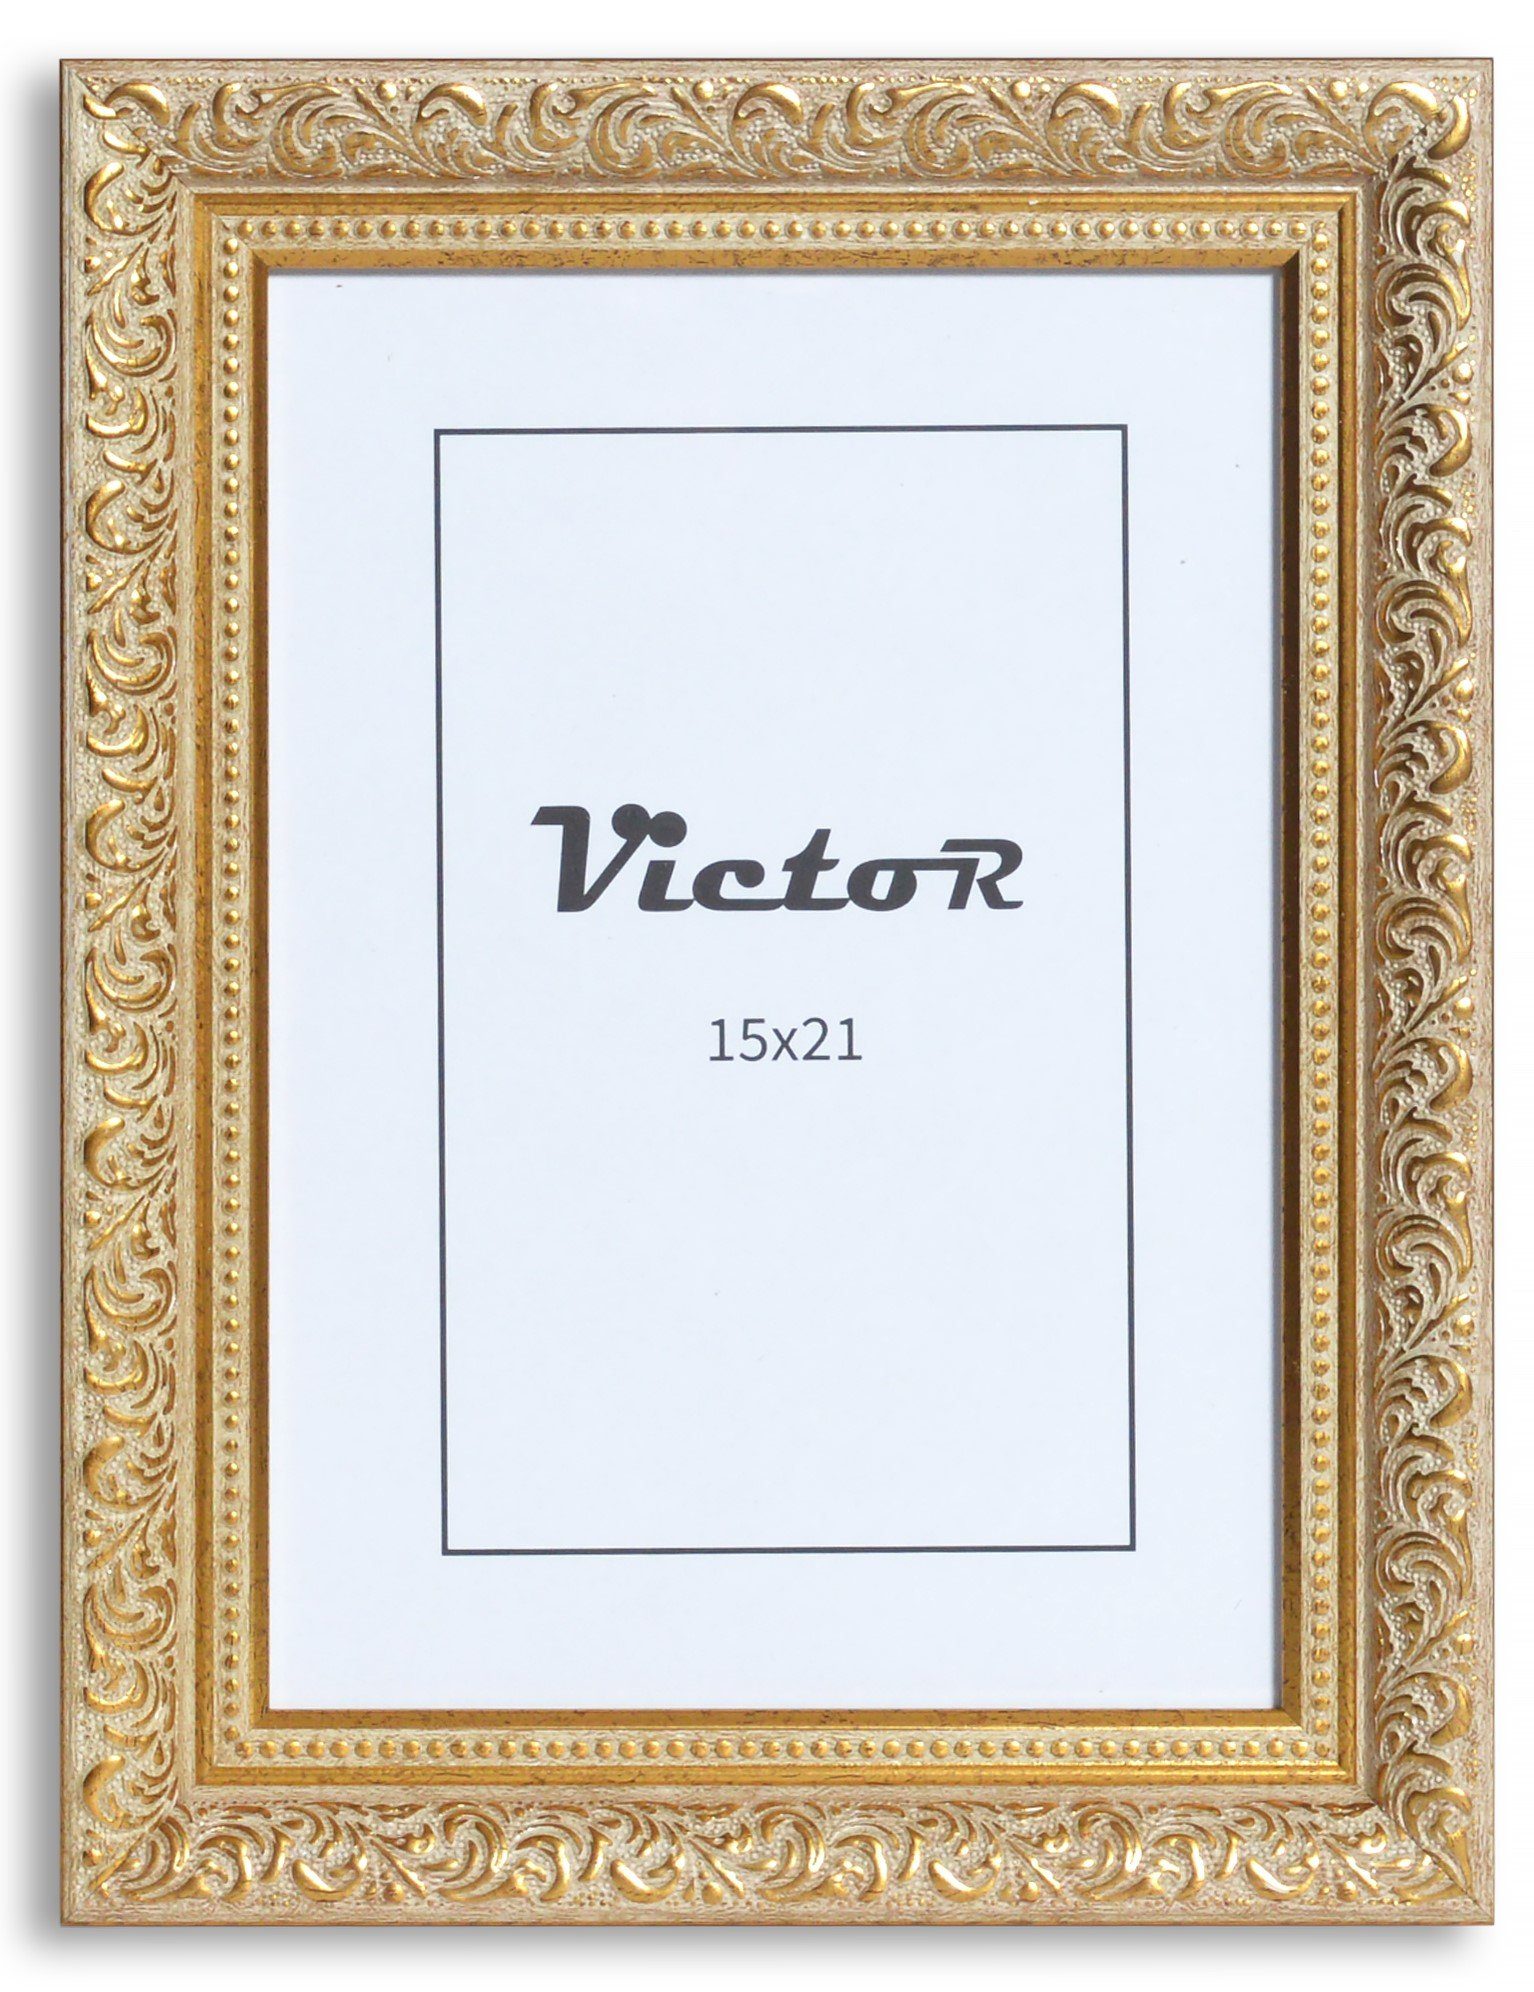 Victor (Zenith) Bilderrahmen Bilderrahmen \"Rubens\" - Farbe: Grün Gold - Größe: 15 x 21 cm, Bilderrahmen 15x21 cm Grün Gold A5, Bilderrahmen Barock, Antik
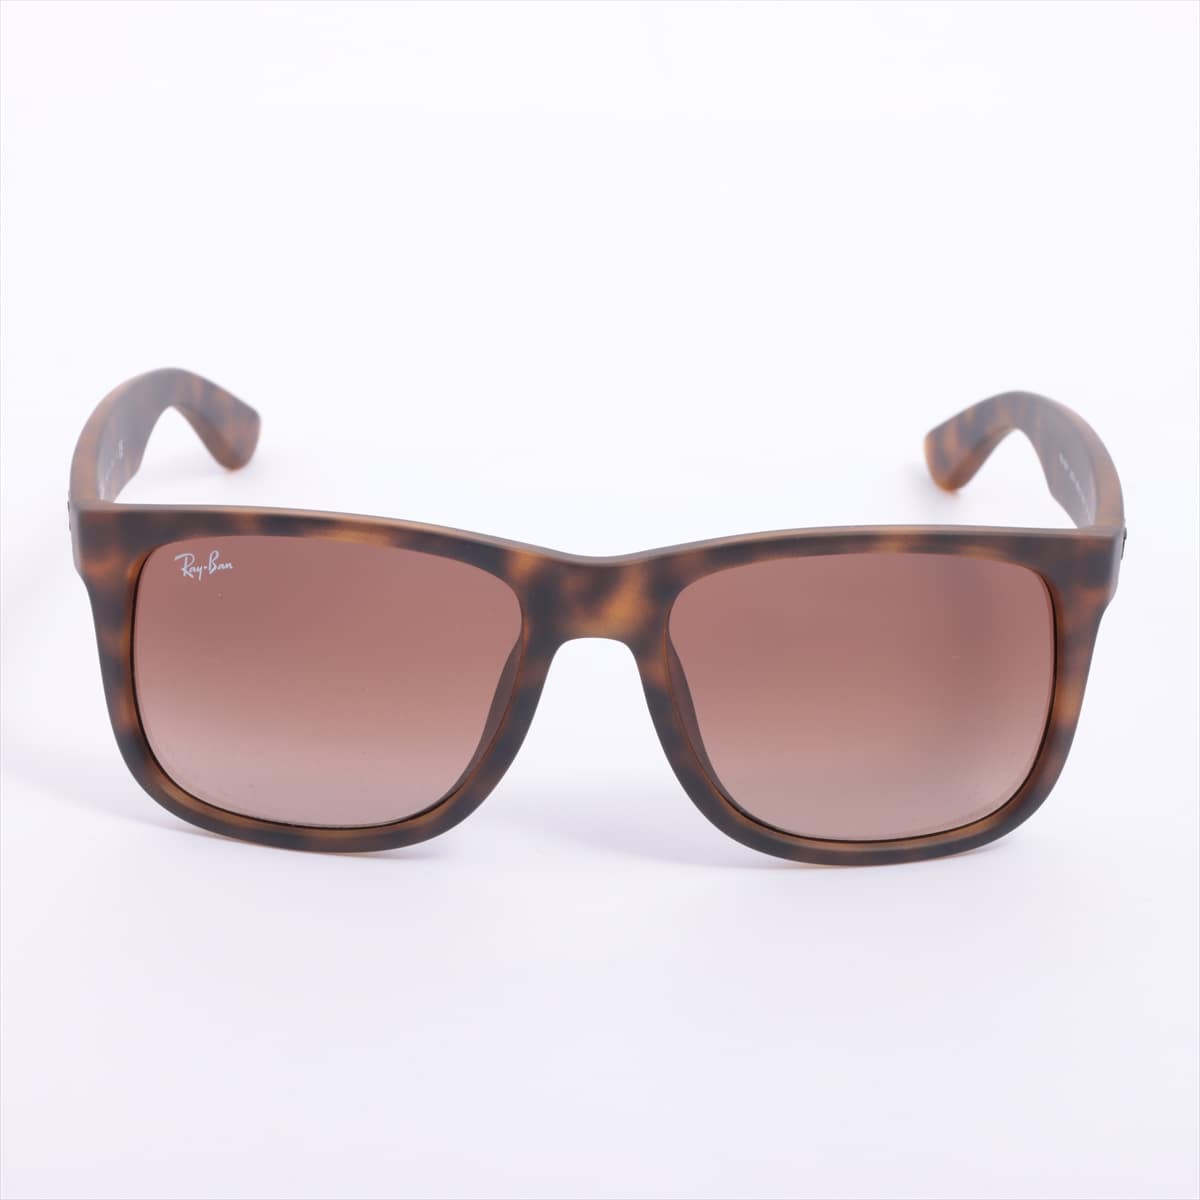 Ray-Ban Sunglasses Plastic Brown
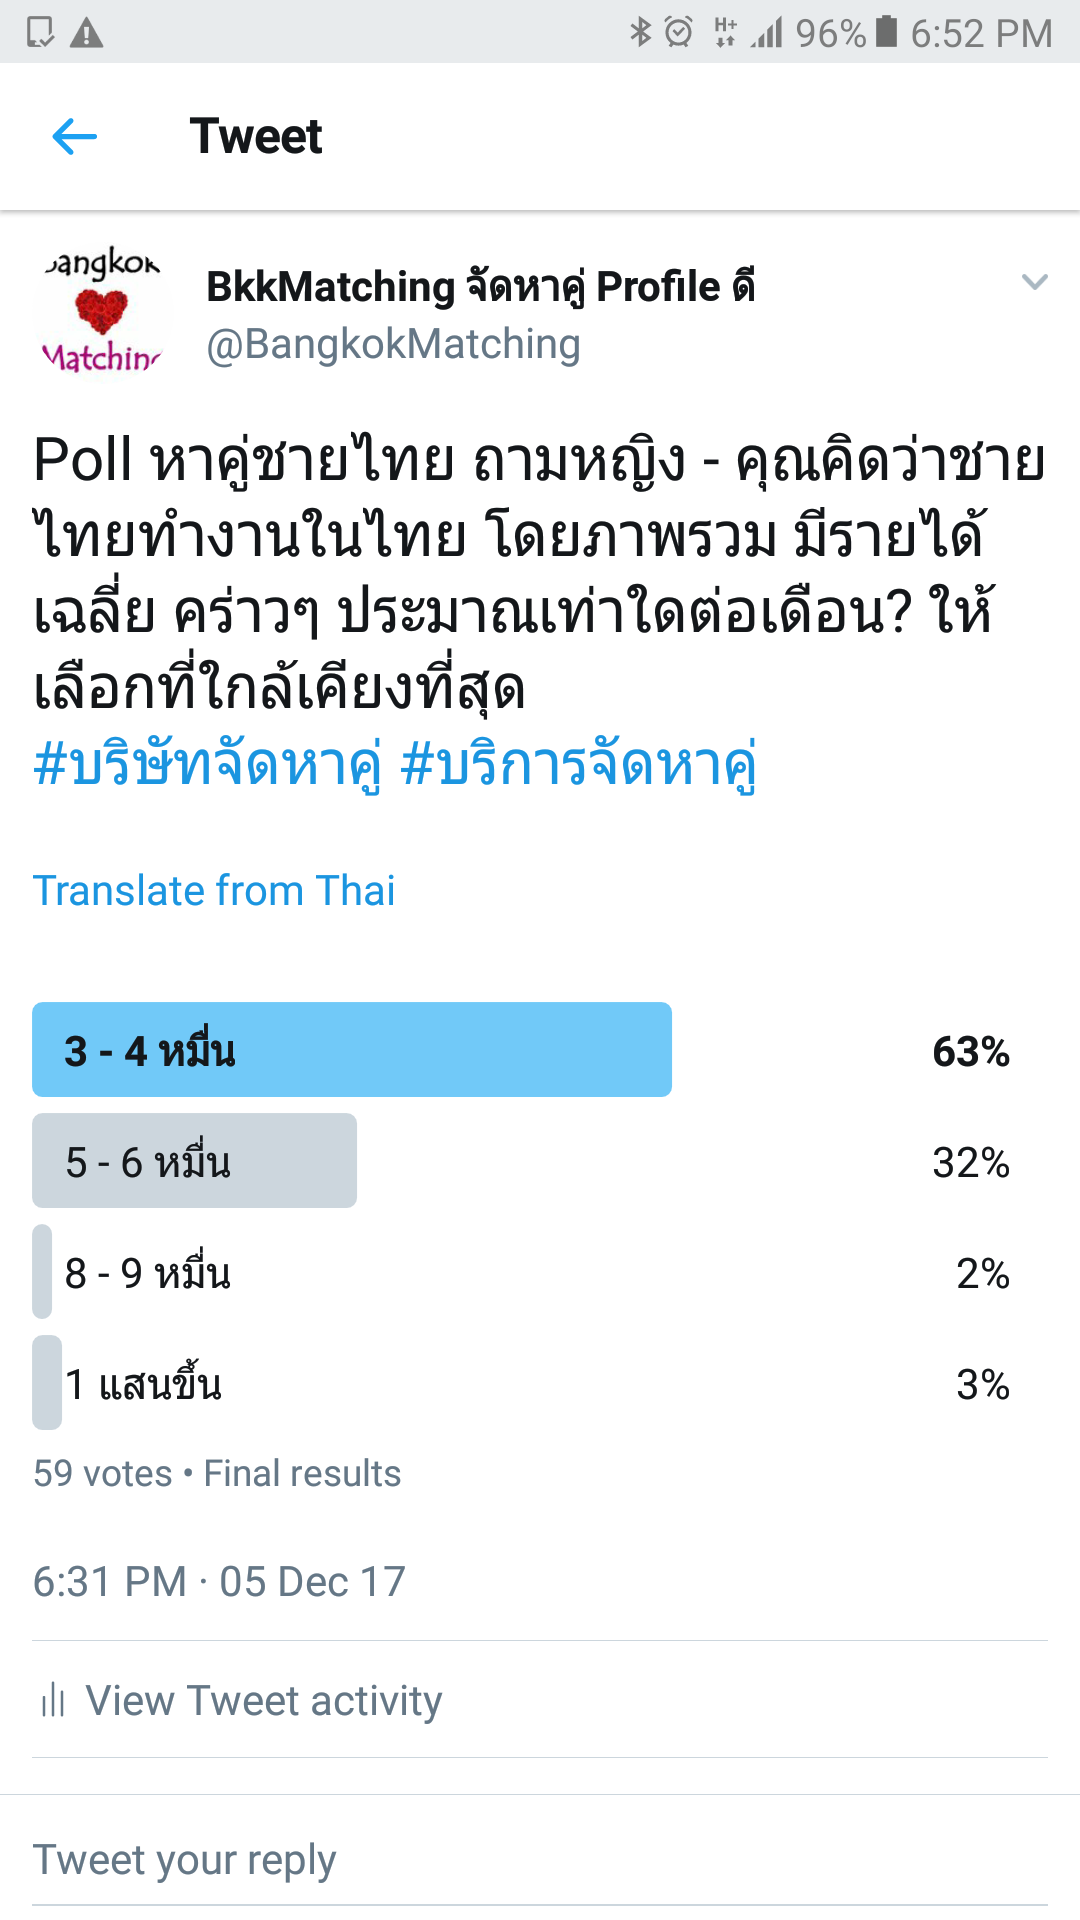 Poll หาคู่ บริษัทจัดหาคู่ แบงคอก แมทชิ่ง ถามว่าคิดว่าชายไทยได้รายได้เดือนเท่าใด

- - -

## [Task instructions]
Give back the whole listing exactly as it stands. Drop every picture.

## [Response]
 Victor (Zenith) Bilderrahmen Bilderrahmen \"Rubens\" - Farbe: Grün Gold - Größe: 15 x 21 cm, Bilderrahmen 15x21 cm Grün Gold A5, Bilderrahmen Barock, Antik
 Ray-Ban Sunglasses Plastic Brown
 Poll หาคู่ บริษัทจัดหาคู่ แบงคอก แมทชิ่ง ถามว่าคิดว่าชายไทยได้รายได้เดือนเท่าใด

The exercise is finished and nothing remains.